Thanks again to everyone for your generous help.

wilderness

4:36 pm on Mar 6, 2020 (gmt 0)

WebmasterWorld Senior Member 10+ Year Member Top Contributors Of The Month



RewriteCond %{REMOTE_ADDR} ^123\.456\.
RewriteCond %{HTTP_USER_AGENT} !DuckDuckGo
RewriteRule .* - [F]

Note: you may use any range (or multiple ranges (additional lines) in the REMOTE_ADDR

ClosedForLunch

8:16 pm on Mar 6, 2020 (gmt 0)

5+ Year Member Top Contributors Of The Month



RewriteCond %{HTTP_USER_AGENT} !DuckDuckGo


The DuckDuckBot doesn't always have the text 'DuckDuckGo' in the user agent.
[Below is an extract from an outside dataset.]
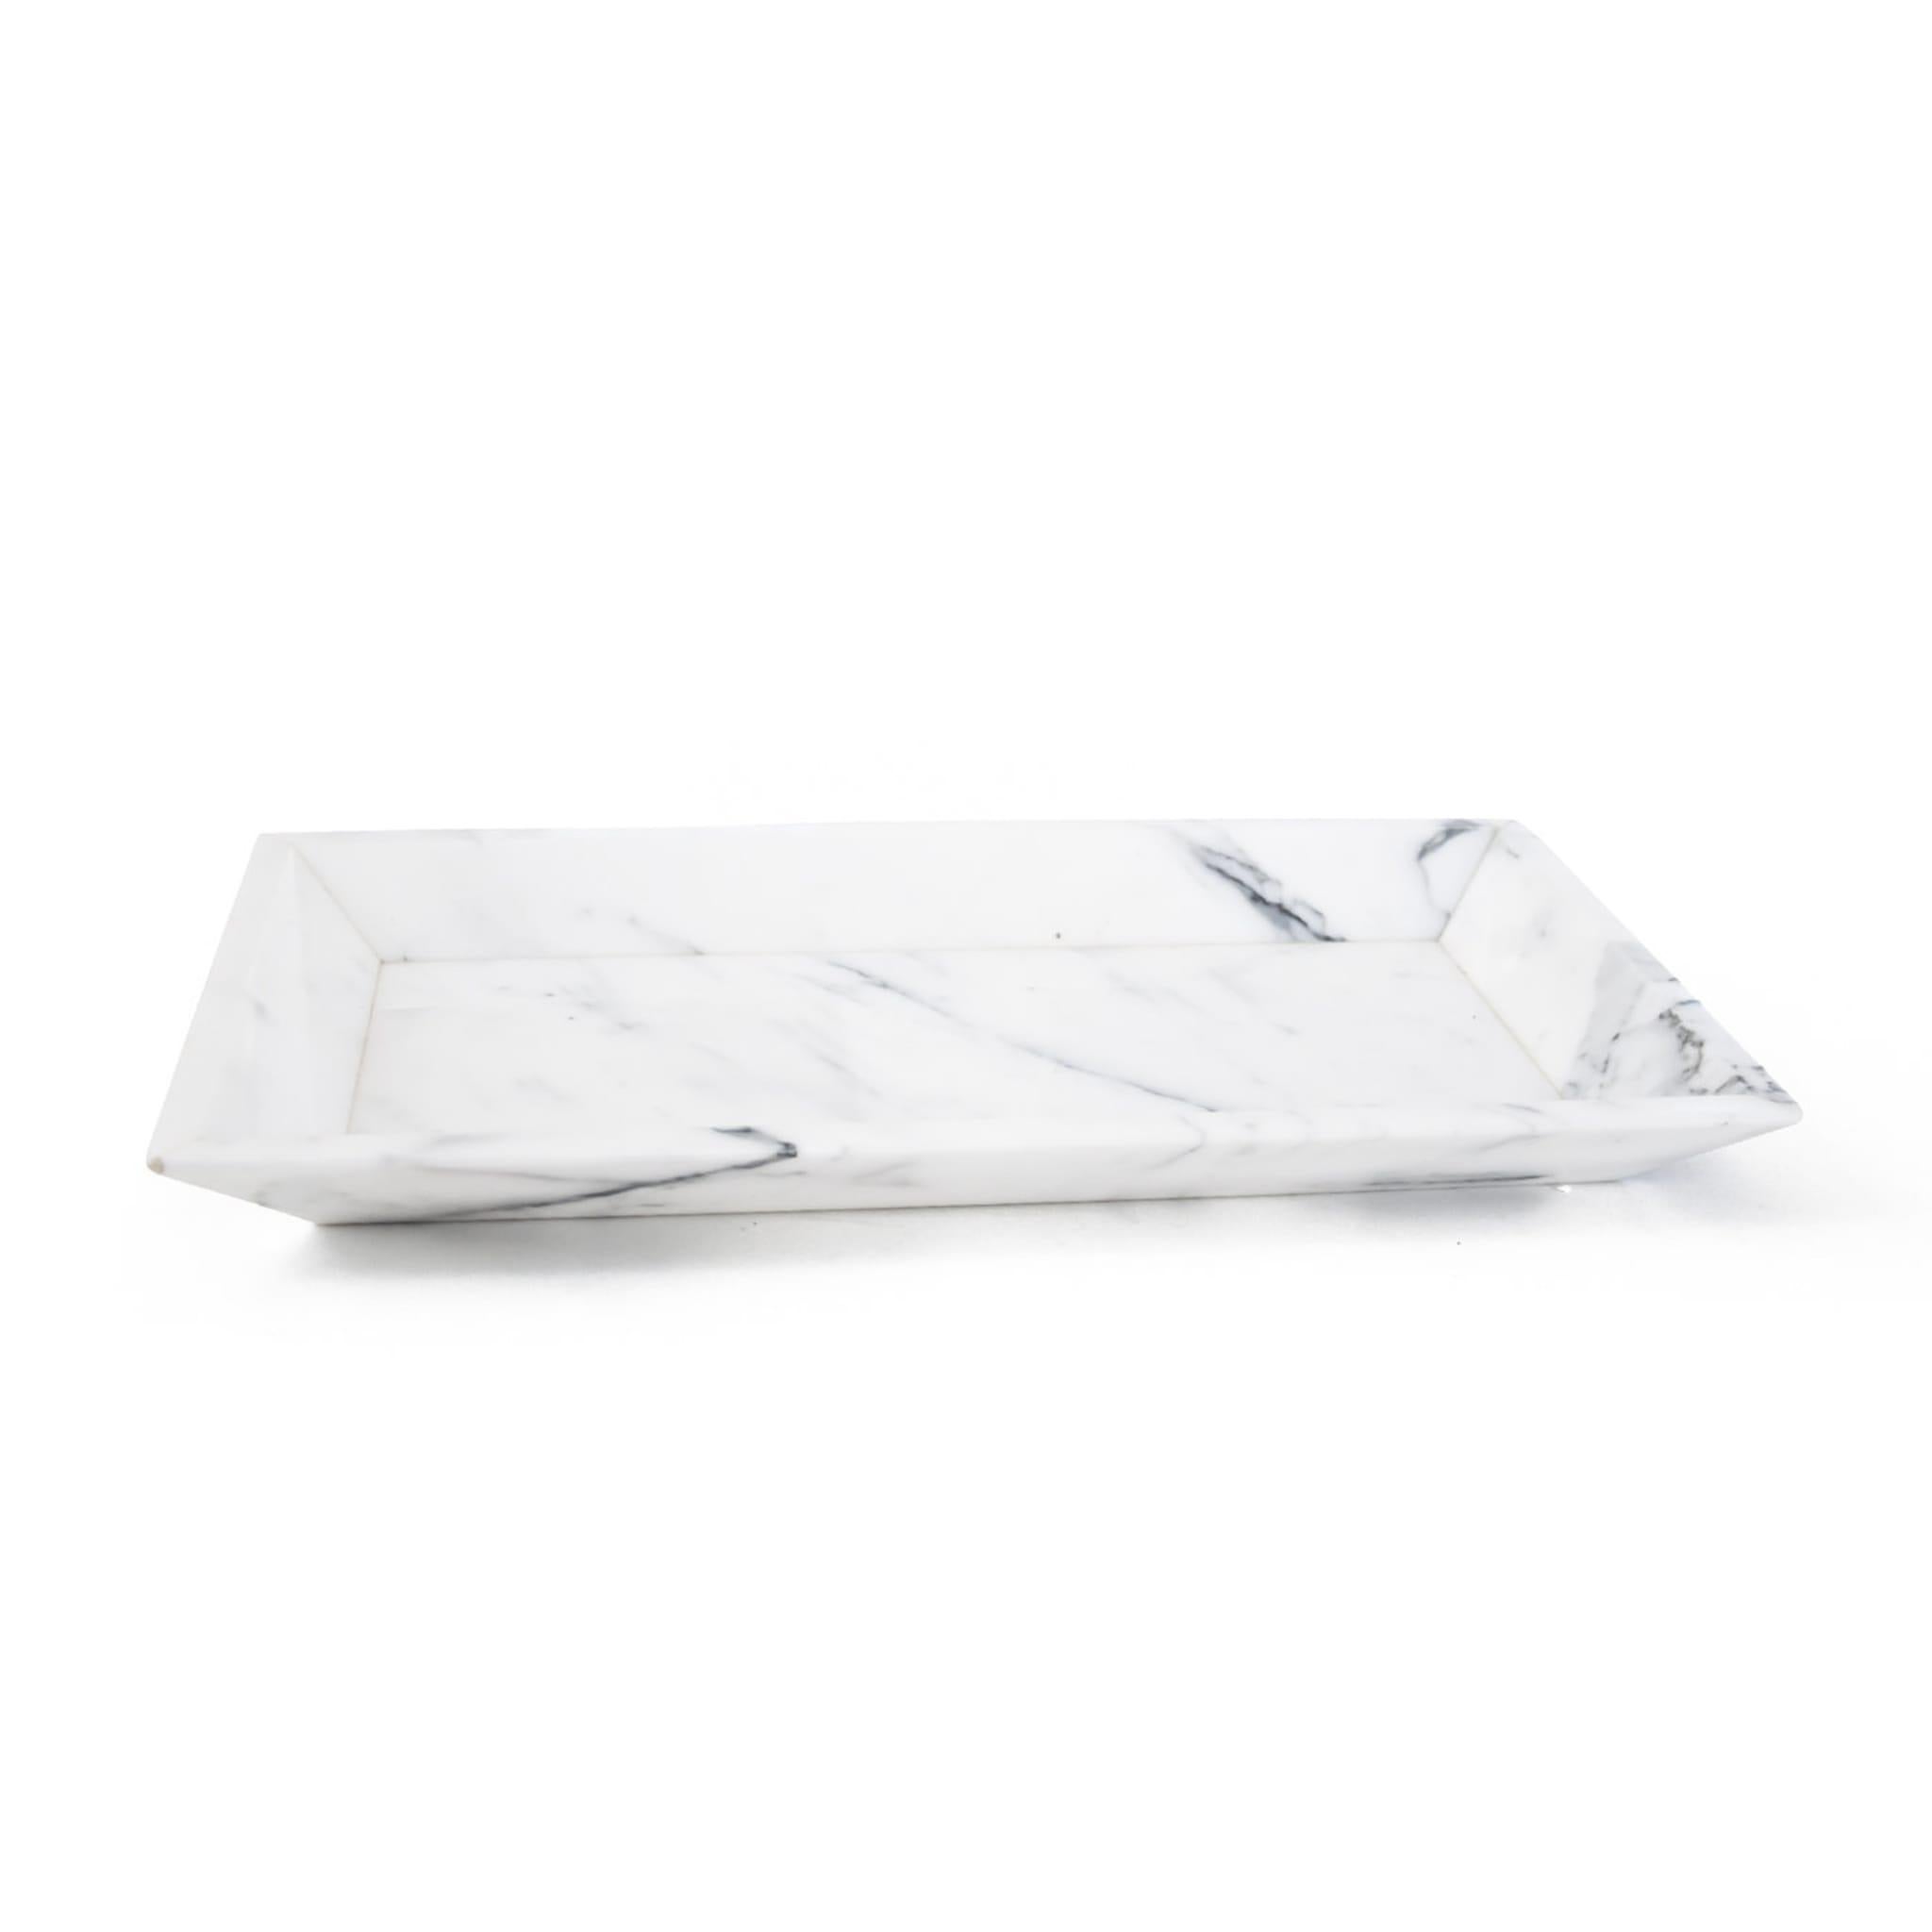 Dieses rechteckige Tablett aus Carrara-Marmor, das Funktionalität und Ästhetik vereint, ist ein unverzichtbarer Tischartikel, der durch sein schlichtes Design besticht. Die charakteristische graue Maserung, die seine Oberfläche ziert, ist eine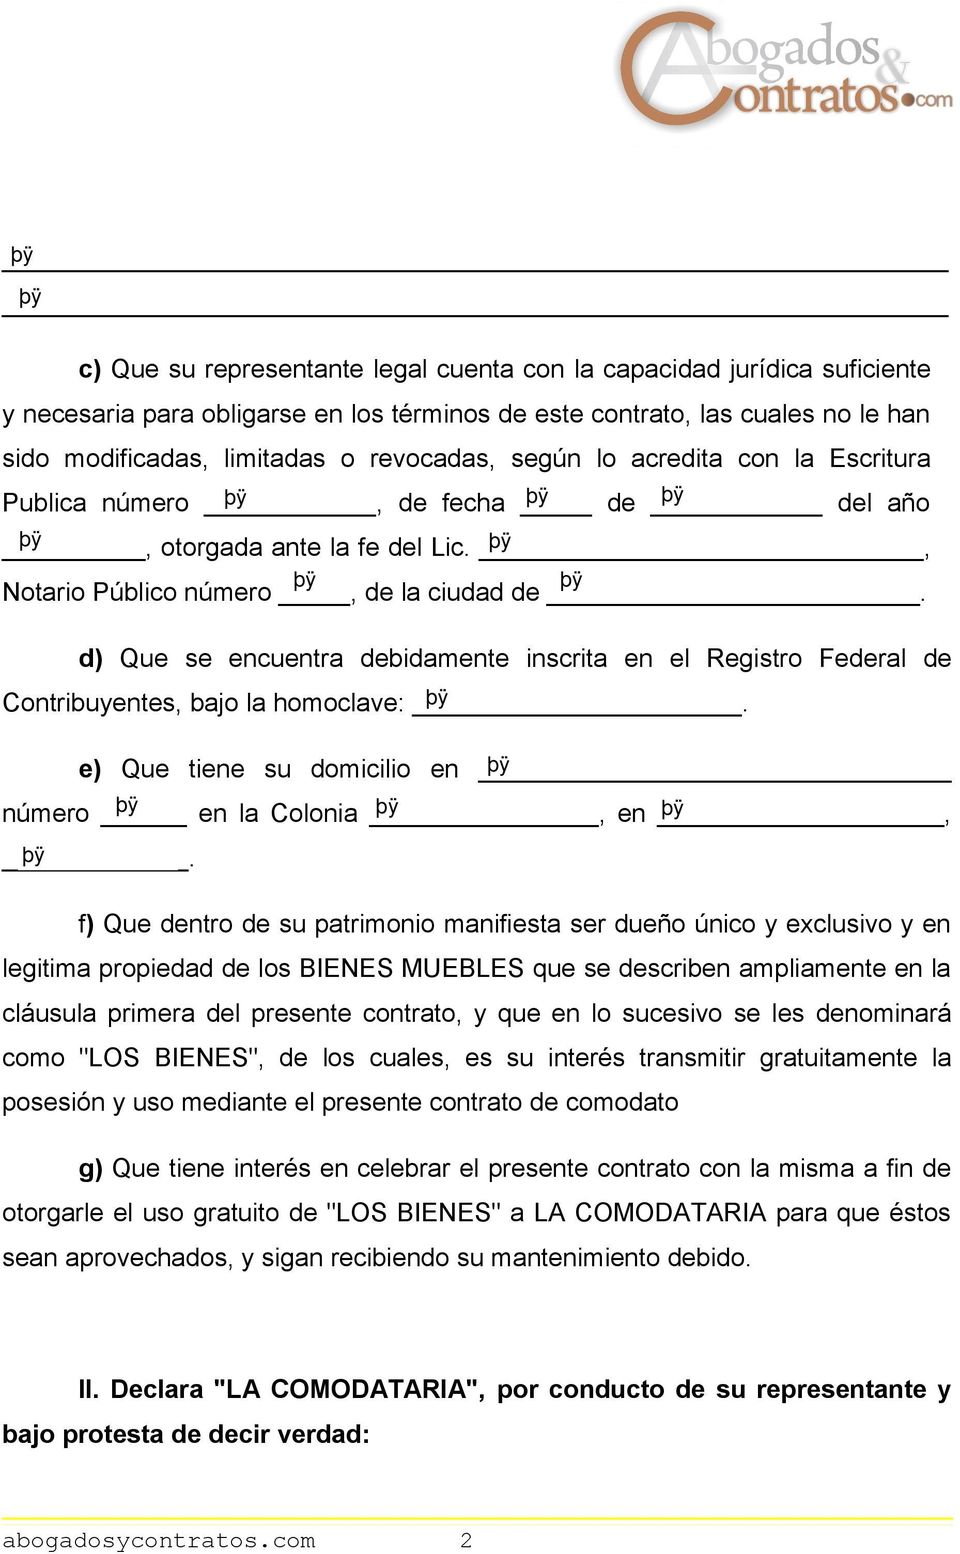 CONTRATO DE COMODATO DE BIENES MUEBLES ENTRE PERSONAS JURÍDICAS - PDF Free  Download

For the user agents that do, add [NC] to the RewriteCond because sometimes 'DuckDuckGo' is lowercase.

lucy24

9:02 pm on Mar 6, 2020 (gmt 0)

WebmasterWorld Senior Member 10+ Year Member Top Contributors Of The Month



It's probably less work to say
(DuckDuckGo|duckduckgo)
Less work for the server, that is. (Unlike some situations, this will be the same whether the rule is in config or htaccess, since the flatten-and-compare has to be done over again on every request.) And it's never going to be
dUCKdUCKgO

But if you're got the exact, down-to-the-last-ddd IP available, use it.

Dimitri

10:31 pm on Mar 6, 2020 (gmt 0)

WebmasterWorld Senior Member 5+ Year Member Top Contributors Of The Month



Beware, I think that DDG has a its own web browser app (for mobile devices), it's possible this browser includes the DuckDuckGo word in its UA.

wilderness

8:58 am on Mar 8, 2020 (gmt 0)

WebmasterWorld Senior Member 10+ Year Member Top Contributors Of The Month



FWIW, the basic lines are simply a guideline.
Either the UA or IP (or multiple lines of each) may be changed to anything you desire.